> It seems that if we ultimately want to "move at the speed of thought," it will require speech.
Except for the large majority of people who read, type, and click way faster than they can talk. Especially for visual things it’s way faster to drag a rectangle than to describe what you want.
A lot of us also aren’t linear verbal thinkers. It would take minutes to hours to verbalize concepts we can grasp visually/schematically in seconds.
Most people speak at about 150 wpm, but very few can type that fast. But reading and gesturing are fast, which is what TFA is about, combining reading and gesturing with speech.
You rarely need 150wpm when typing. If you try dictation, you’ll notice that half those words are error correction and checksum bits and just turn taking filler.
I usually convey the same meaning with 80wpm typing. Makes it faster to read too
Maybe I’m just slightly adhd – listening to people talk drives my crazy. Get to the point! Much easier if they type it out
Isn't "drag the rectangle" and visual interaction exactly the point of the research in the article? Speech is the perfect side channel to this interaction, not a context switch to text.
Also, I doubt DeepMind is designing for existing programmers and savvy computer users. They are thinking about the other billions of people in the world. Speech is the skill people will already have, not typing.
I suppose the idea is that the AI is going to do the "editing" for you (with all the consequences for "thinking" that implies).

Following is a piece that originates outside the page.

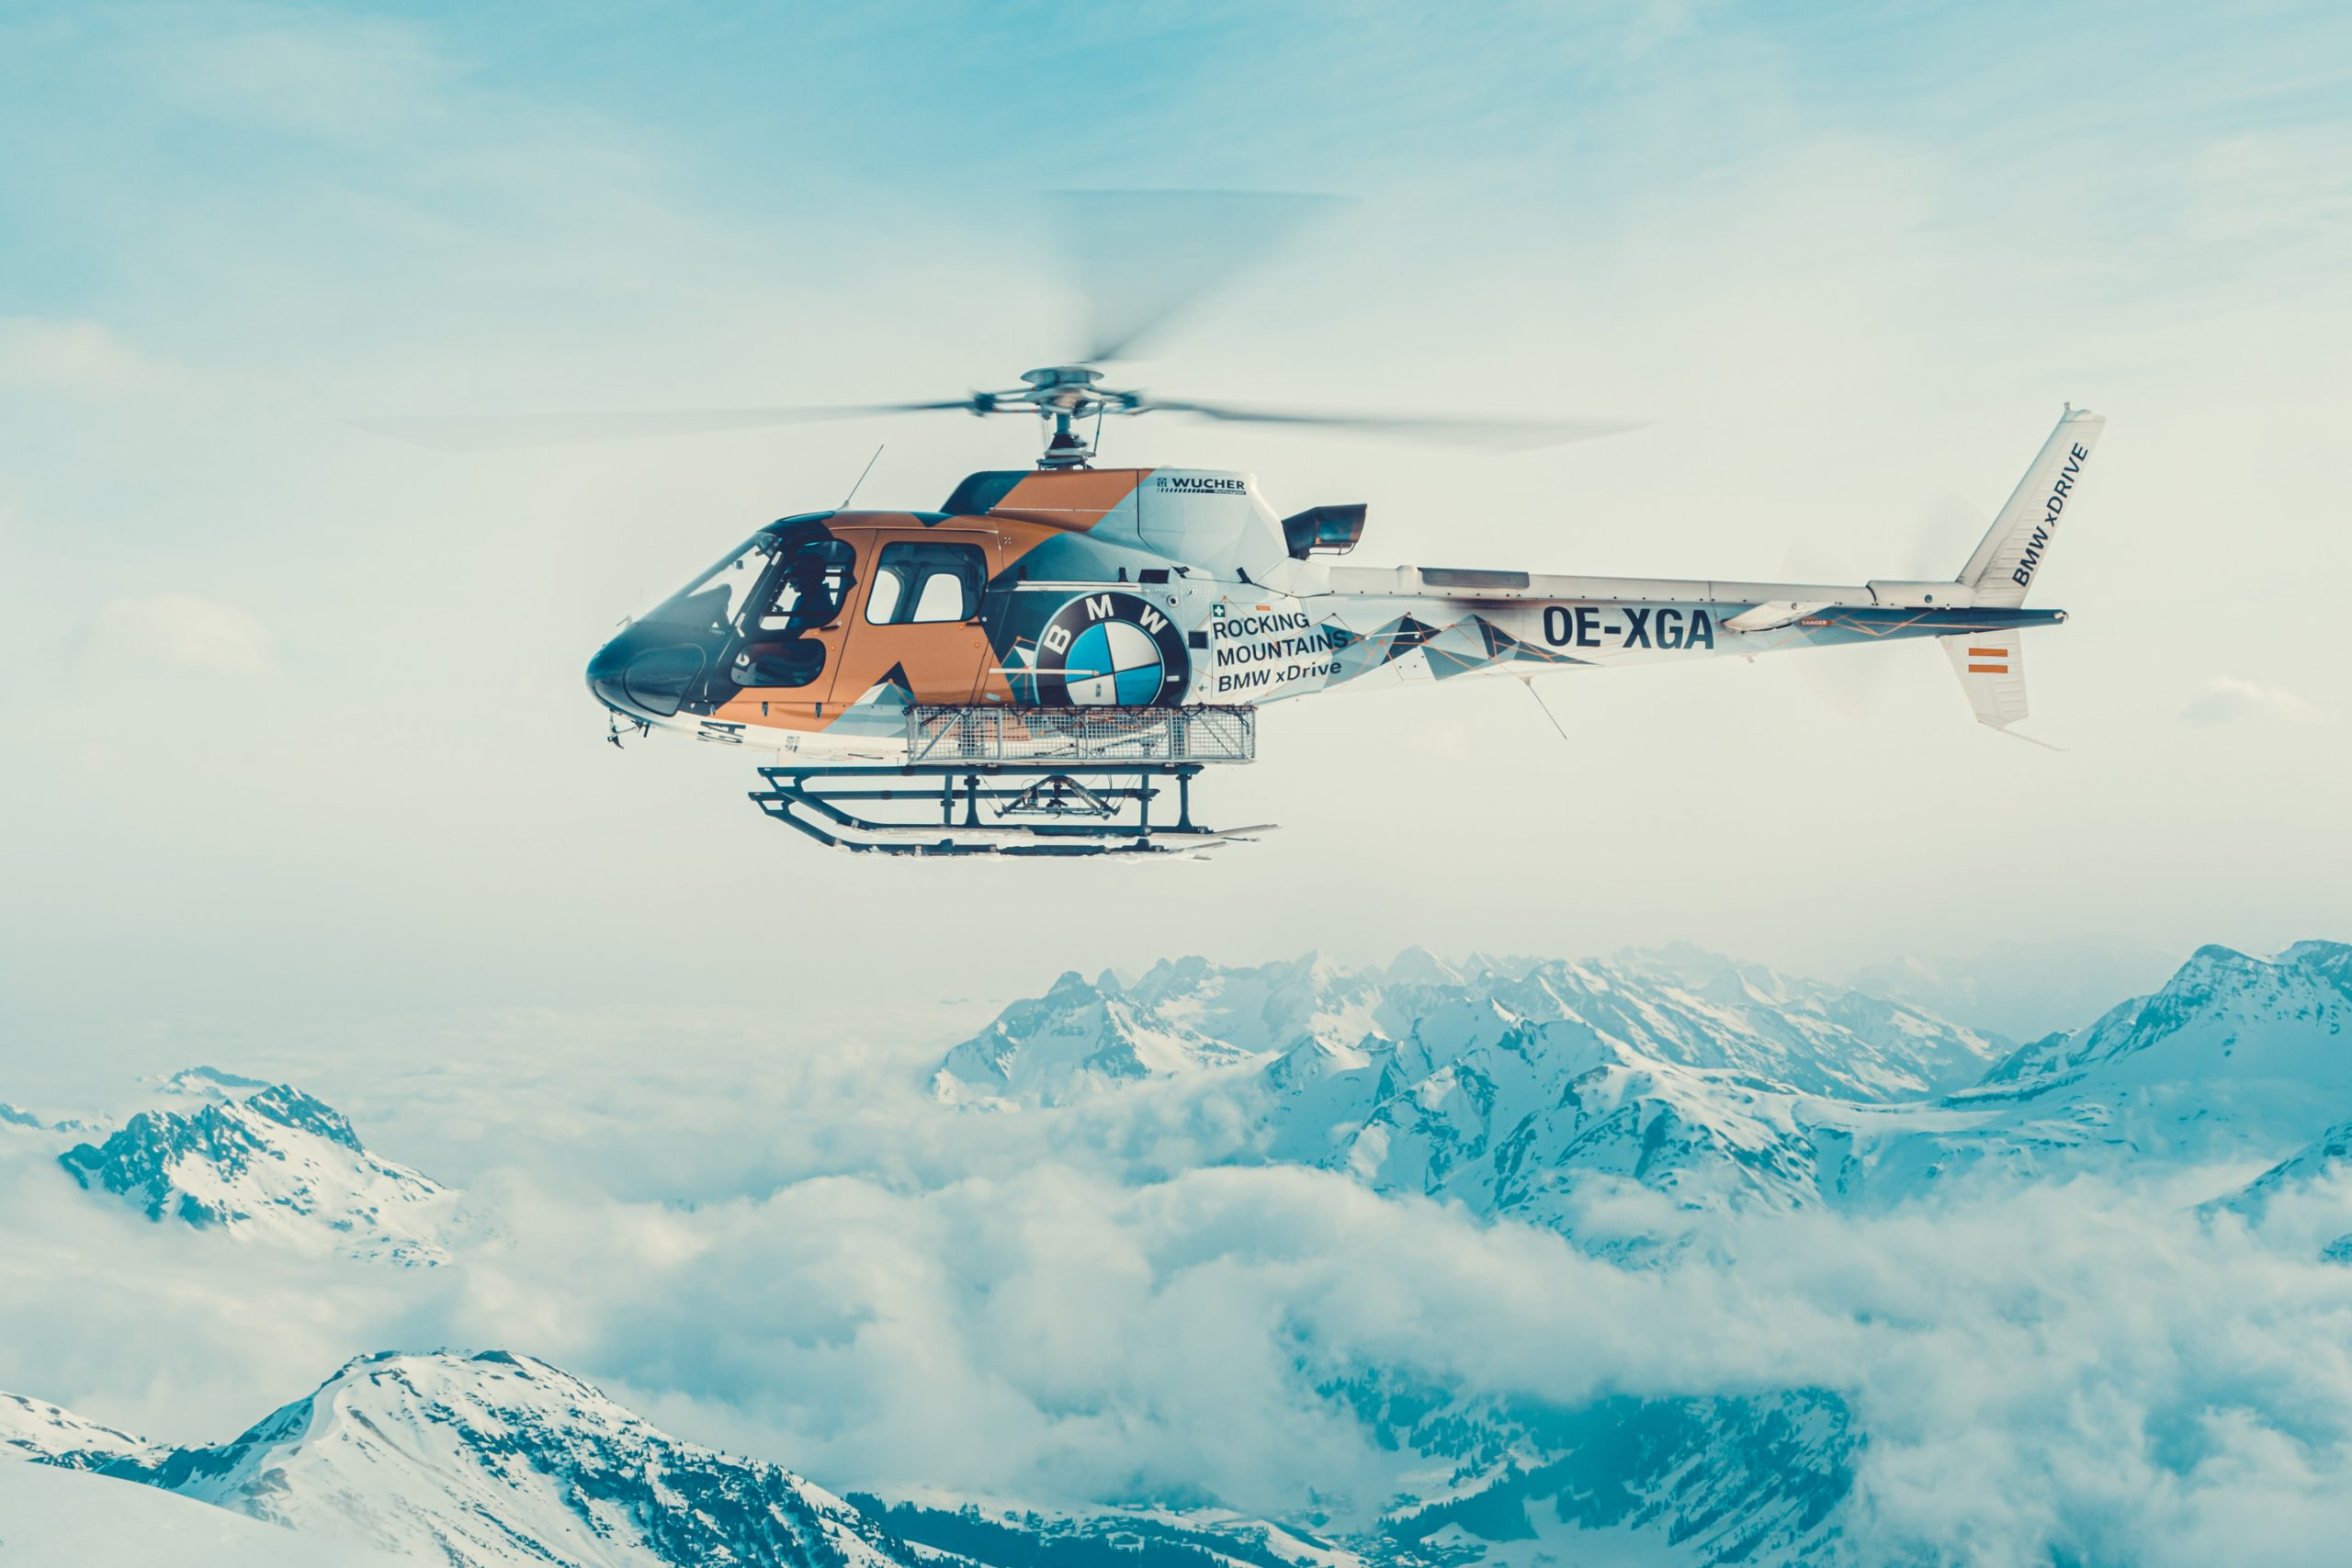 Heliskiing Luftaufnahme BMW Rocking Mountains xDrive Helicopter am Mehlsack am Arlberg

You don't have to think about the design of your app. You just say what you want and the AI makes it appear. If you don't like something, you tell the AI to change it. You iterate live until you get the final result you want.
This is what writing docs has become for me. I have the agent make a draft, then tell it which sections to rewrite, combine, etc. I tell it the ideas I forgot to include. I manually make certain word choice changes. The question is how do you extend this flow to non-pure-text scenarios. For most people, just talking about what you see if probably the easiest.
Except for the large majority of people who read, type, and click way faster than they can talk. Especially for visual things it’s way faster to drag a rectangle than to describe what you want.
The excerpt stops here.